The heads of the "great Whig families," however, were more sanguine, and hoped, or at least were occupied, to the last. Their treatment by the Prince was characteristic; and one can fancy the magnates at Adam's announcement in the following extract:

"What most offended them was the manner in which the Prince announced his resolution. They were in the very act of forming the Administration, filling offices, &c., &c., when Adam came in from the Prince. They said they could not be disturbed; he said he must disturb them, for he had a message from the Prince: they replied that it was for the Prince they were at work, for they were making the Government; Adam told them to spare all trouble, for no Government was to be made. This was on Friday the 1st, in the evening; and what affronted them was, that after having had such a task committed to them, the Prince should have presumed to take a counter resolution by himself without first consulting them."

This is a characteristic trait of the Duke of Wellington's way of getting through, business.

"He was fond of relating, that soon after the Duke's appointment, he was leaving his office at the usual hour, when, on coming out at the Park entrance, he perceived his new chief just in the act of getting on horseback. He went up to the Duke, and mentioned that there were some matters connected with the department on which he would like to communicate with him when he had time. 'No time like the present,' said the Duke, and, at once dismissing his horse, returned with Mr. Ward into the Ordnance Office. There, then, he remained closeted with the Duke till past eight, listening to and answering his pertinent queries upon manifold points connected with the department. From that moment the Duke appeared to be au fait of the business in hand, and ready to cope with the details as they from time to time presented themselves."

The Duke seems to have been more alarmed at the state of the nation about 1819 than the nature of the case justified; deceived, probably, by the official "reports" of Messrs. Castles and Co. The following remark, however, exhibits his penetration:

"He said, if the rising broke out anywhere, it would be at Glasgow and Paisley; where many rich merchants and all they supported would be sure to suffer, while no one could certainly foretell how soon it might be put down. This led him to his favorite notion, that the loyal should be taught to rely more upon themselves, and less upon the Government, in their own defense against the disloyal. It was this, he thought, that formed and kept up a national character: while every one was accustomed to rely upon the Government, upon a sort of commutation for what they paid to it, personal energy went to sleep, and the end was lost: that in England, he observed, every man who had the commonest independence, one, two, five or six hundred, or a thousand a year, had his own little plan of comfort—his favorite personal pursuit, whether his library, his garden, his hunting, or his farm, which he was unwilling to allow anything (even his own defense) to disturb; he therefore deceived himself into a notion that if there was a storm it would not reach him, and went on his own train till it was actually broke in upon by force. This led to supineness and apathy as to public exertion; which would in the end ruin us: the disposition therefore must be changed, by forcing them to exert themselves; which would not be if Government did everything in civil war, they nothing: hence his wish for a volunteer force. All this was exceedingly sound, and showed the reach of his reflecting mind as an observer of human nature, as well as a statesman and soldier, more than anything I have yet seen."

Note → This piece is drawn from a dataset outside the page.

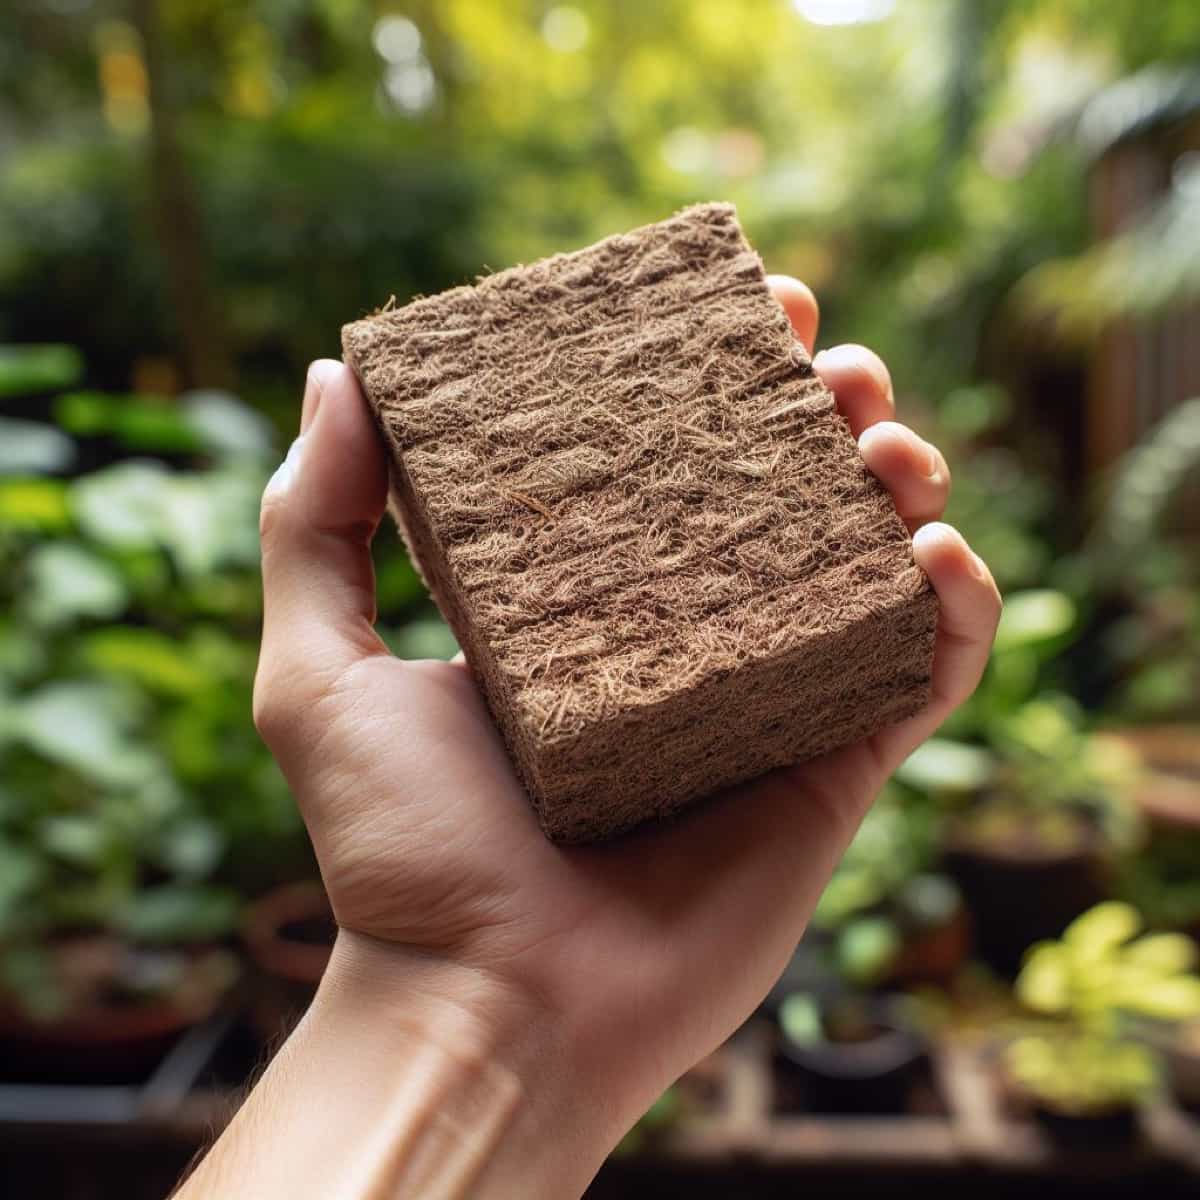 15 Best Cocopeat Blocks in India: Best Cocopeat Block Brands of 1kg, 5kg and 10kg with Price List

There is a curious passage touching Pitt's dying moments.

"At the time Mr. Ward accepted the post of Under-Secretary of State, (resigning that of Welsh Judge,) it had been promised him that the apparent risk of such a step to the future prospects of his family should be guarded against by the grant of a pension, to commence when he should cease to hold office. He had been but a year in the post thus accepted, and amid the pressure of other matters the contemplated arrangement had never been completed. More than once in his last illness did Pitt allude to his unfulfilled promise, and speak with kindness of him to whom it had been made. Later on, when he could no longer continuously articulate, he made the name 'Robert Ward' audible, and added signs for paper and ink. His trembling hand having feebly traced a number of wandering characters, and added what could be easily recognized as his well-known signature, he sank back. The precious paper (precious, whatever may have been its unknown import, as a proof of remembrance at so solemn a moment) was afterward handed over by the physician in attendance, Sir Walter Farquhar, to Mr. Ward; and many a time did he declare, as he displayed it to me, that he would give anything he valued most in the world to be able to decipher its unformed characters."

Some posthumous compositions of Mr. Ward are appended to the Memoirs. They consist of "characters," similar to those of Chesterfield and other writers, and of "sketches" and essays; these last being set in a species of framework, intended to connect them into a series. They are not the best specimens of the author's composition; and perhaps were hardly worth publication. Allowance is to be made, as Mr. Phipps remarks, for their unrevised state; and revision might have removed crudities and imparted more closeness and strength. It would not, however, have altered their main defects; which may be summed up by saying that they belonged to another age, without reaching the peculiar force and finish which alone can give interest to an obsolete mode.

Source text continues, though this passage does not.